[Data extract]
Segment Open
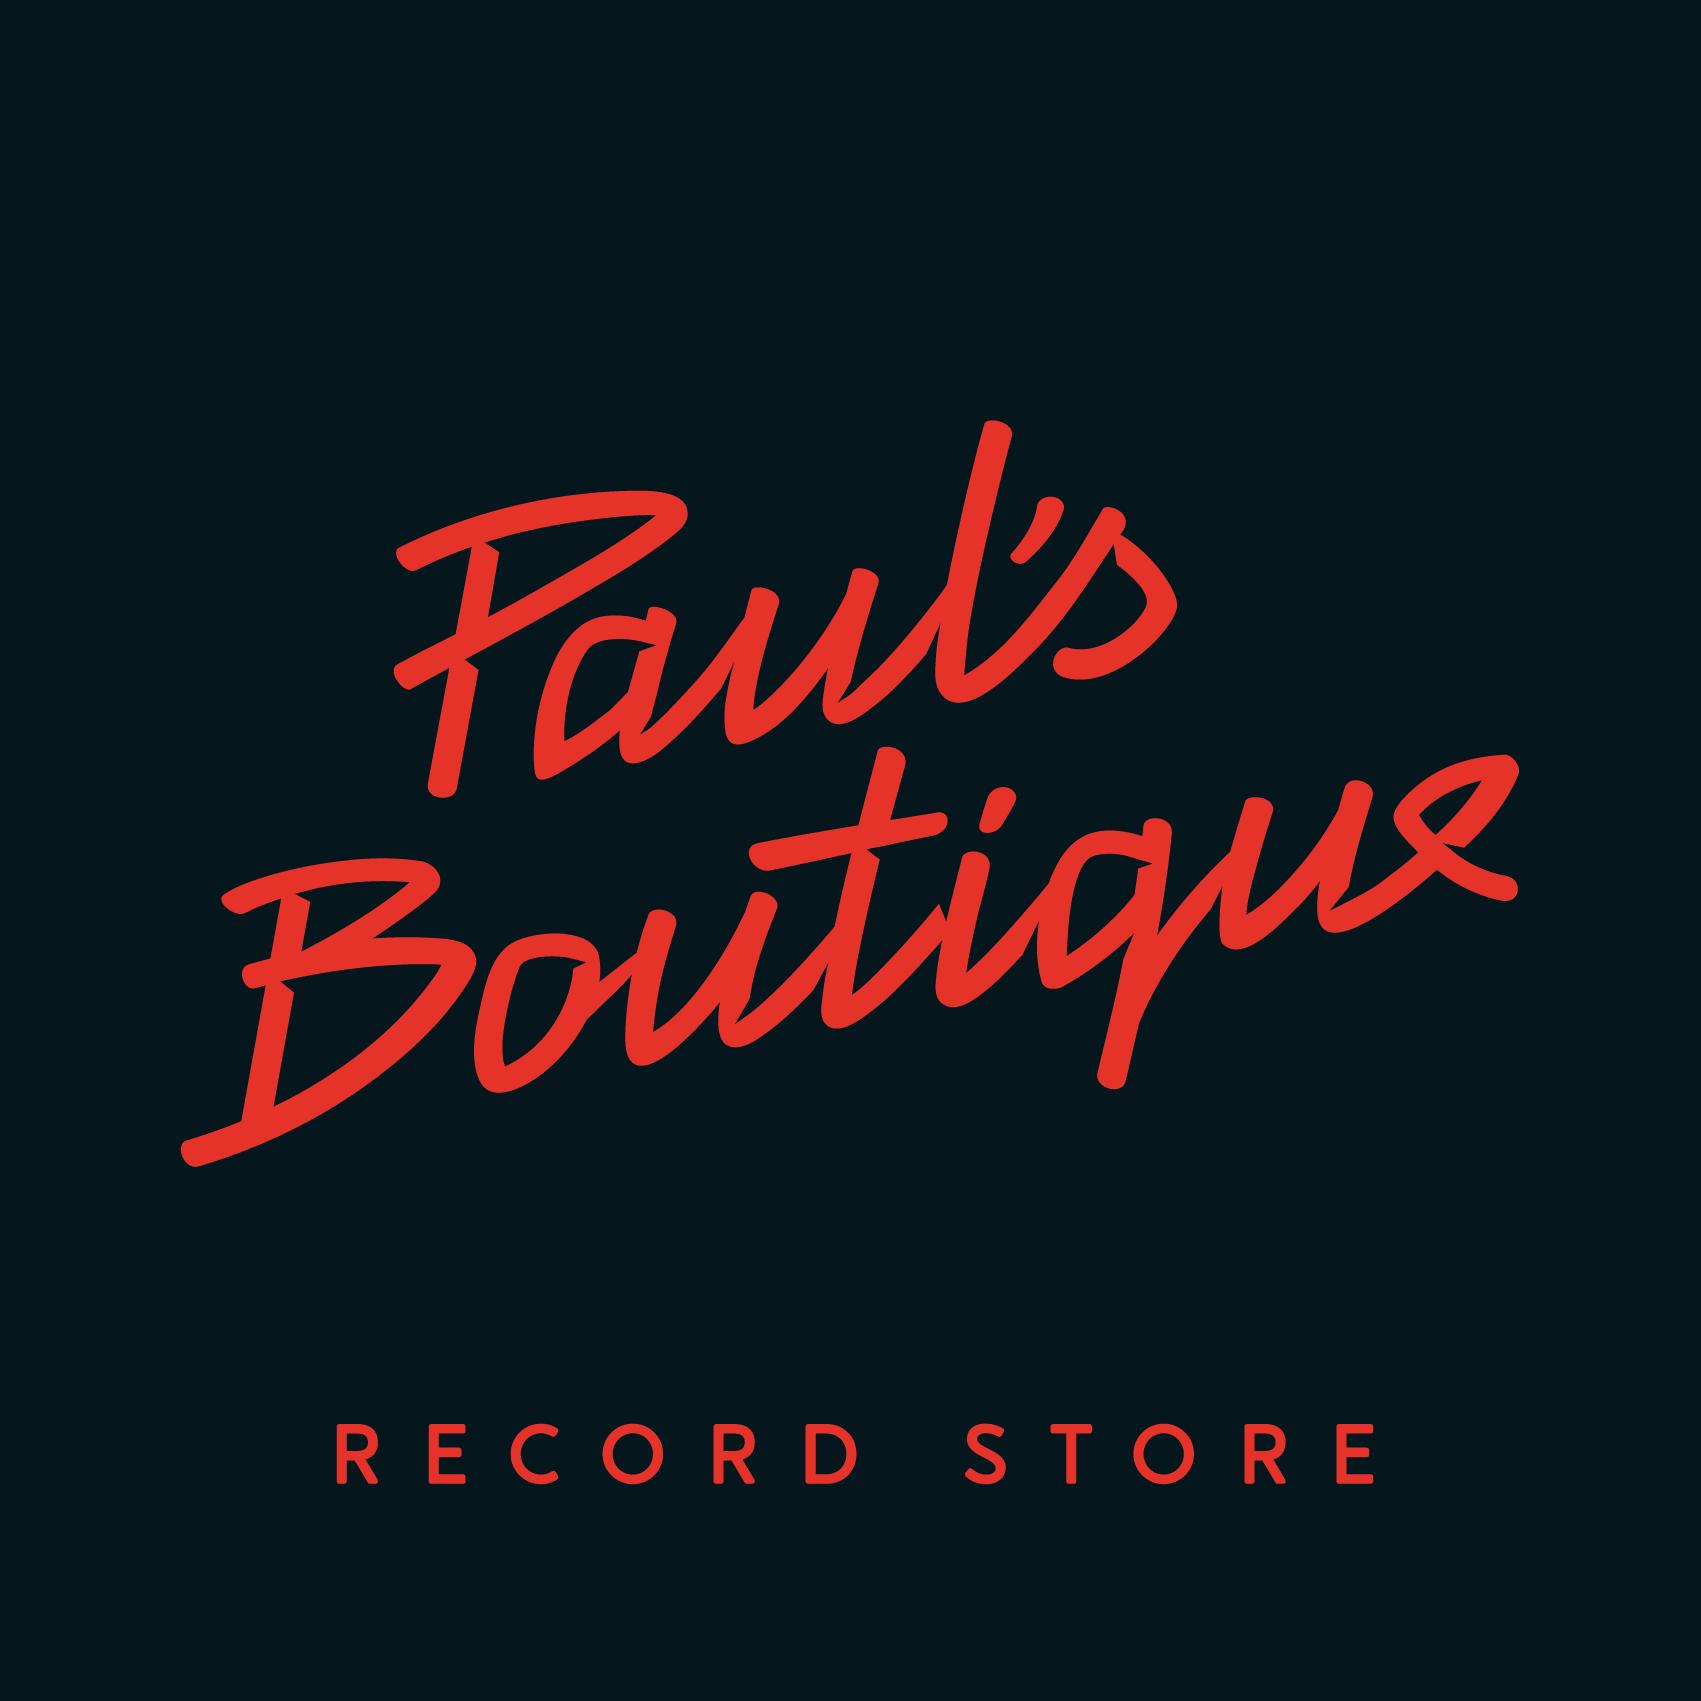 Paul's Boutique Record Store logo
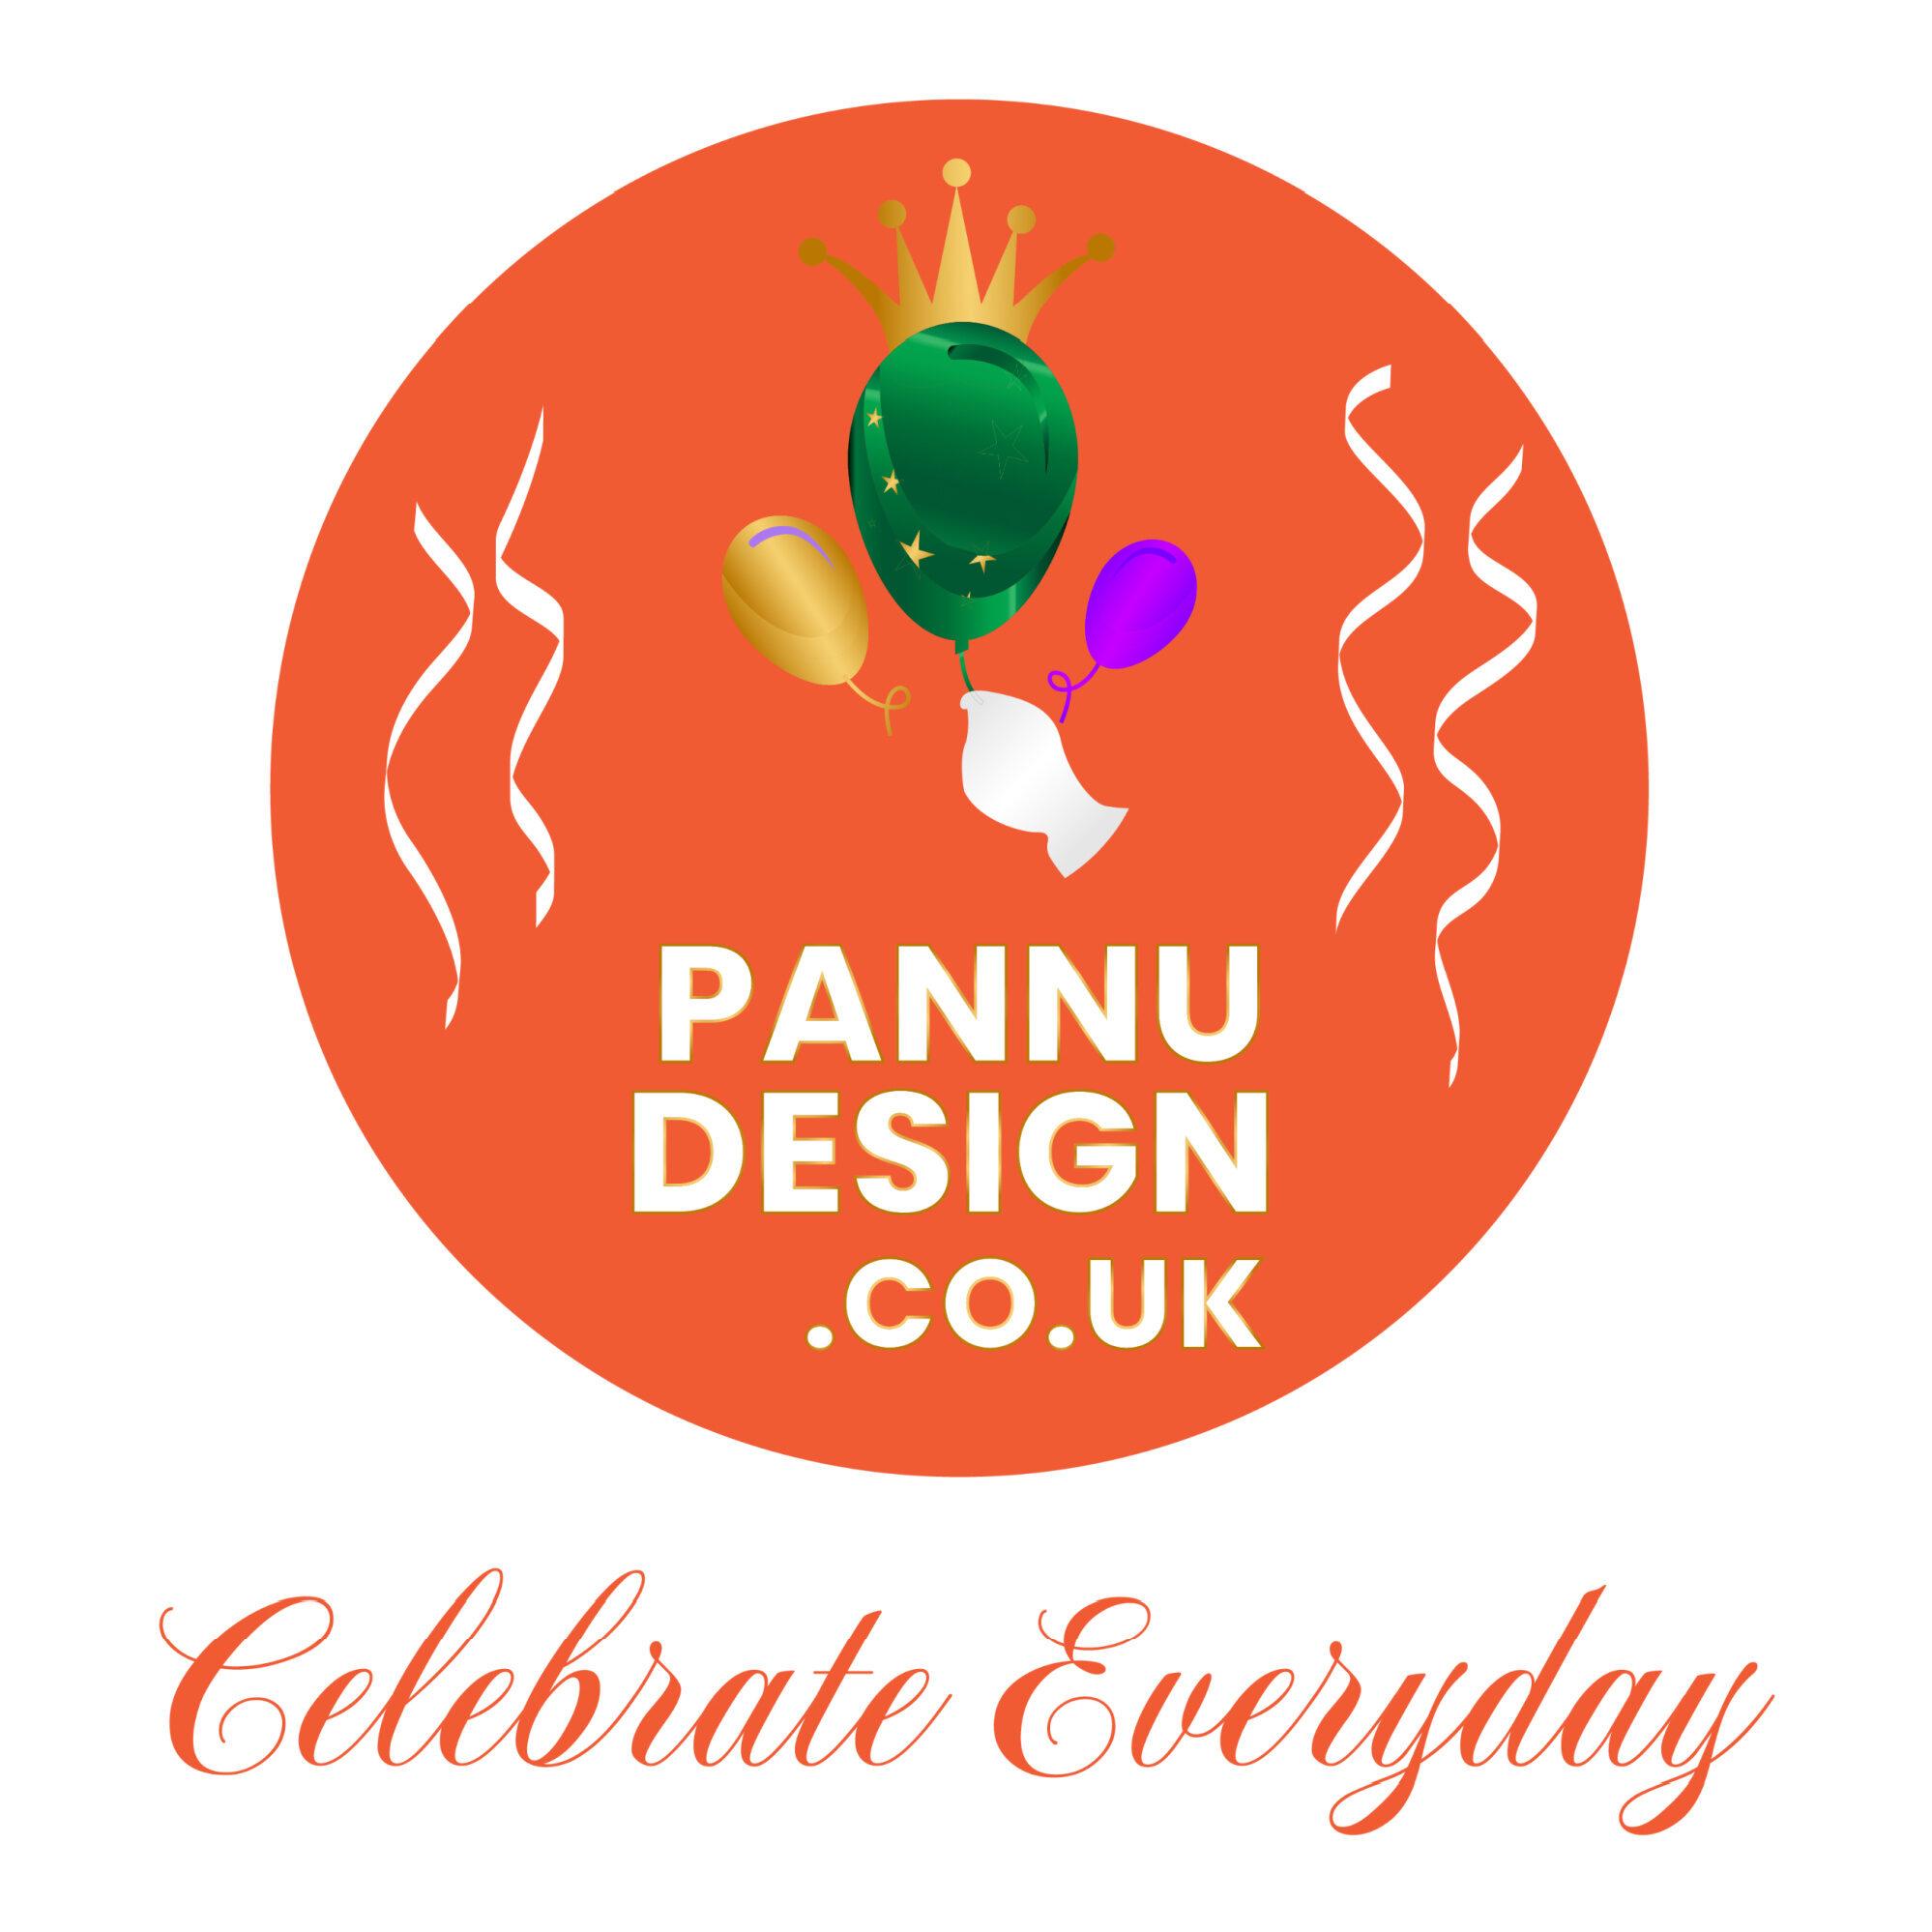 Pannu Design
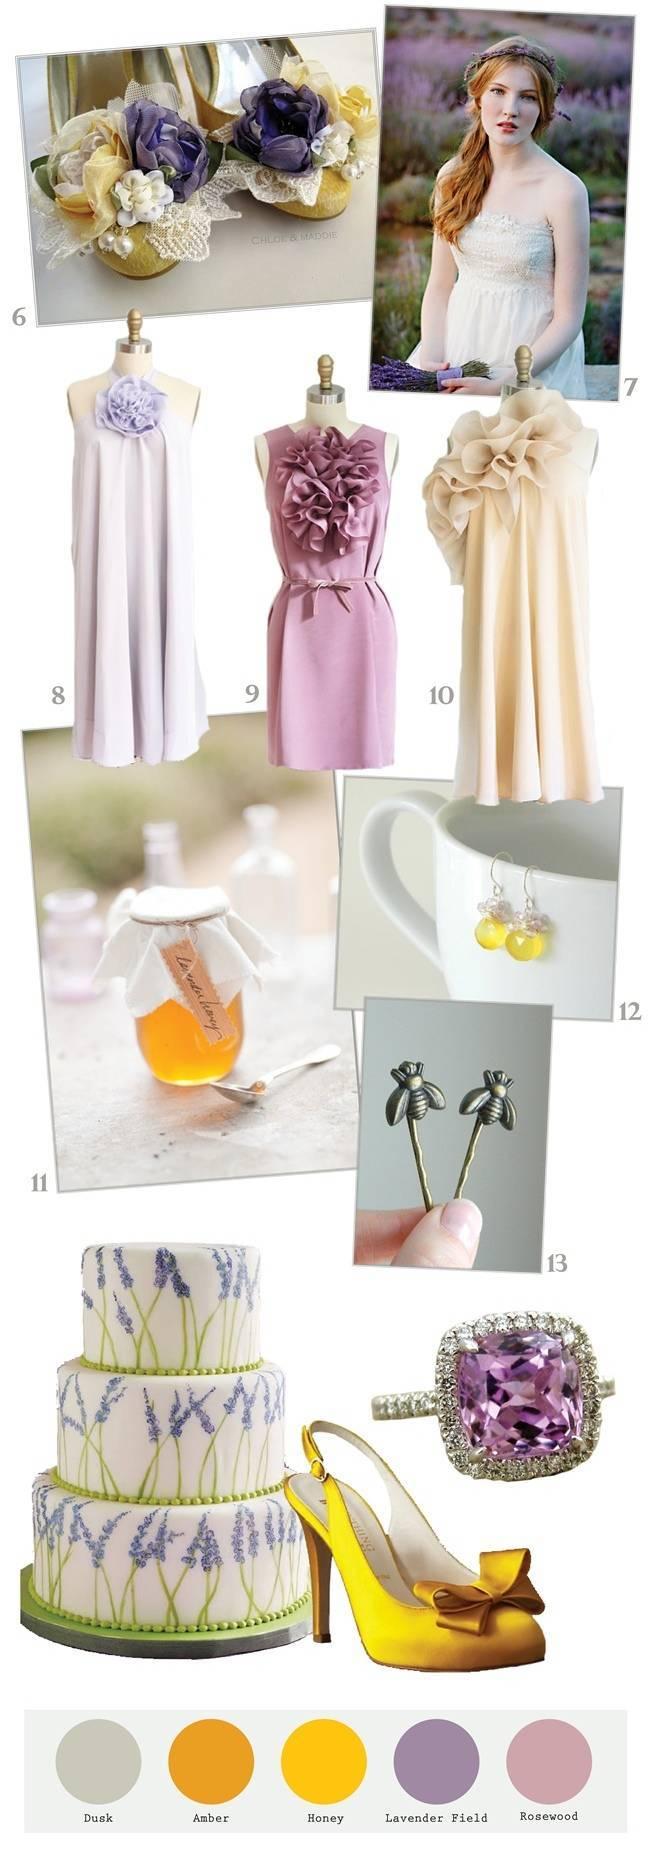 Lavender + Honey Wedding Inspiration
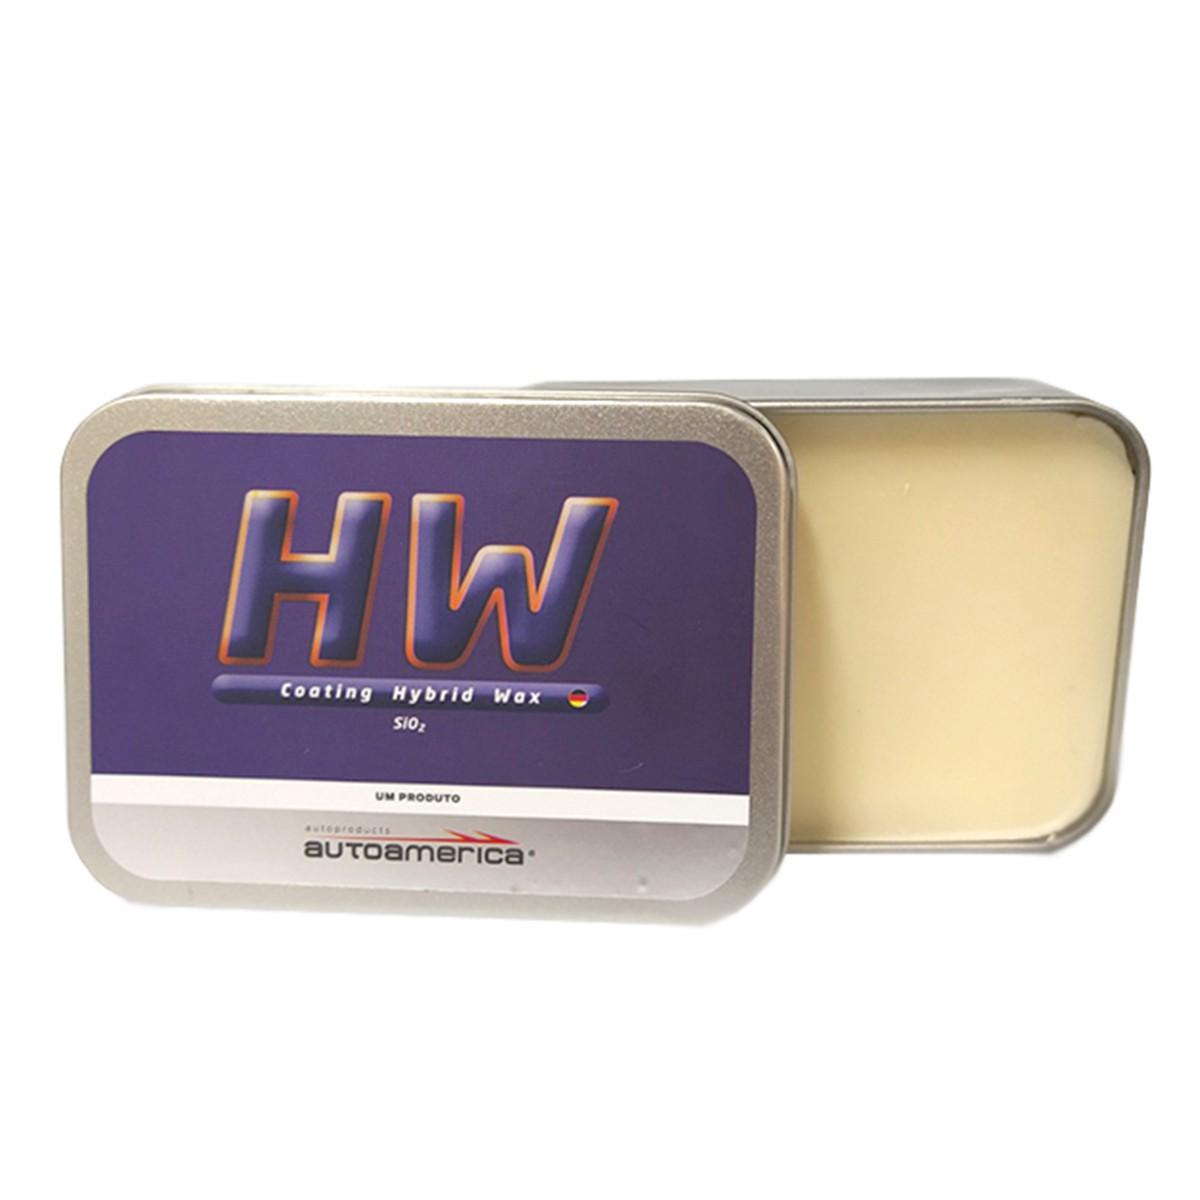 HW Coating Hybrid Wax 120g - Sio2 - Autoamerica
Segment Closed
[Required work]
Retype precisely, and only, the lines from the one holding "Lavender + Honey Wedding Inspiration" through the final line of the data above, with the pictures omitted.

[Result of this task]
 Lavender + Honey Wedding Inspiration
 HW Coating Hybrid Wax 120g - Sio2 - Autoamerica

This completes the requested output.